The vibration suddenly changed pitch.
Lina lowered her head. The messages on the screen had almost stopped popping up, but the vibration grew louder and louder, a crackling sound not from her palm, but from behind her ear. She suspected it was a hallucination caused by days of insomnia.
"Listen, did you hear that?" Martha's voice seemed to come from afar.
Lina abruptly lifted her head. Light flickered in her sight, Monarch Butterflies, one, two, and then more and more. Orange spots rose from the branches. Hundreds, thousands of butterflies flapped their wings, linking themselves together to weave secret patterns. The buzzing of the wings drowned out the faint vibration of her phone in her palm. Gentle as falling leaves, warm as raindrops, yet they possessed the power to shake the heavens. This power surged from the treetops, drifting with the wind, gently enveloping her.

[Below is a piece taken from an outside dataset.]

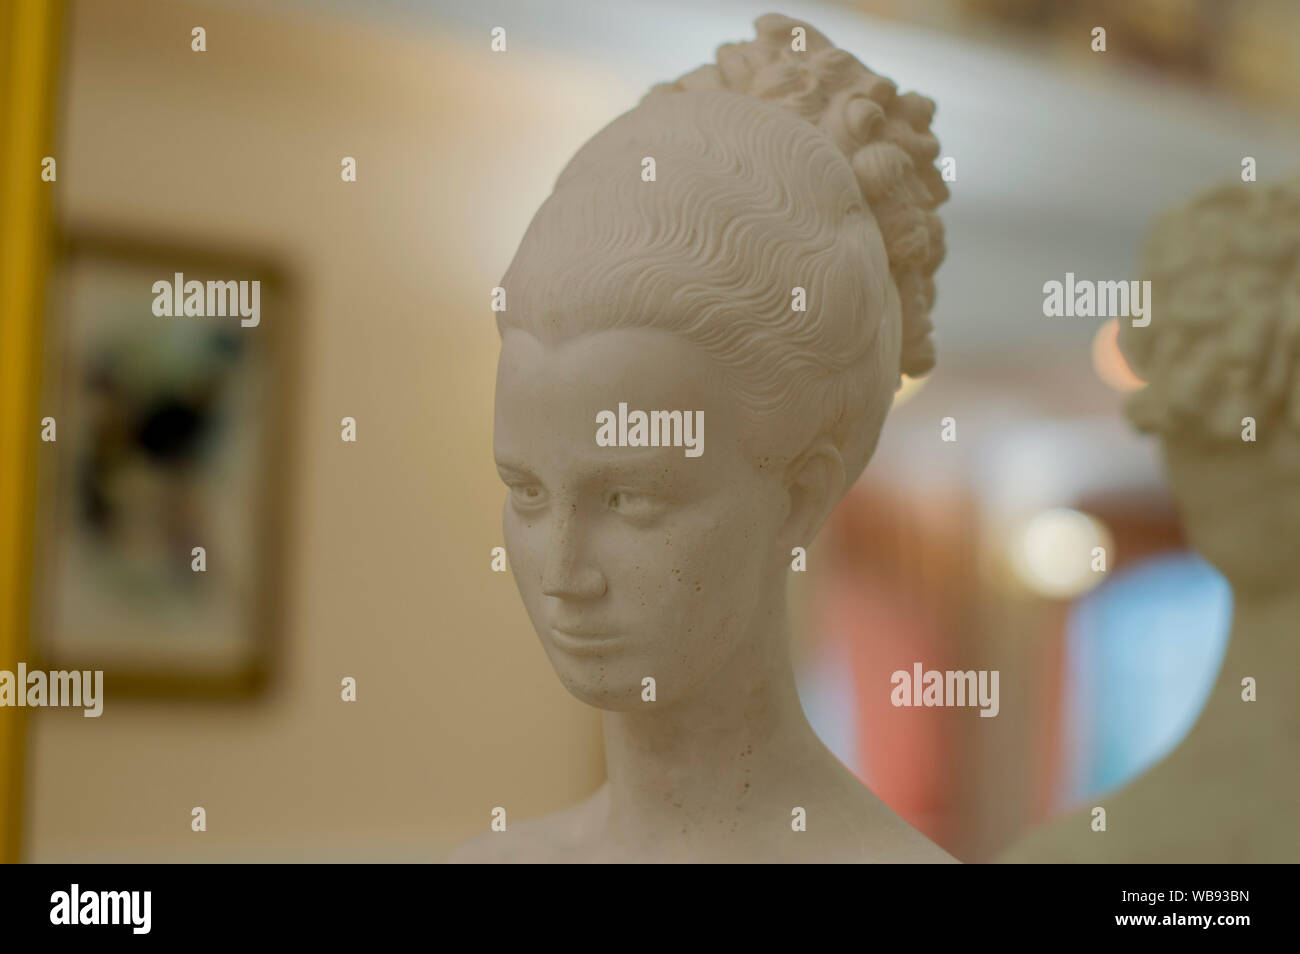 NIZHNY NOVGOROD, RUSSIA October 30, 2016:  The head of a young girl, made of gypsum, on a shelf, near the mirror. Stock Photo

She could hear nothing but the sound of butterfly wings fluttering and her fluttering heart.
Lina was merely staring at the butterflies. They flew not swiftly, but steadily, having endured winter's chill and pushed through the mist, finally able to soar towards spring. The butterflies were all around her, as if she, too, were fluttering her wings in this orange-yellow breeze.
As if she soared across several states, carried by her parents' support, to reach her promised land.
As if she had endured a journey where she risked everything, traveling day and night.
As if she had her wings broken and was knocked down, yet still refused to admit defeat.
As if she dared to fly back to her spring, to start anew at the beginning.
Millions of butterflies lifted the fog. Lina saw her way with clarity.
"Yes, I heard them. I heard wings that dare to soar. I bet they can stir up a storm."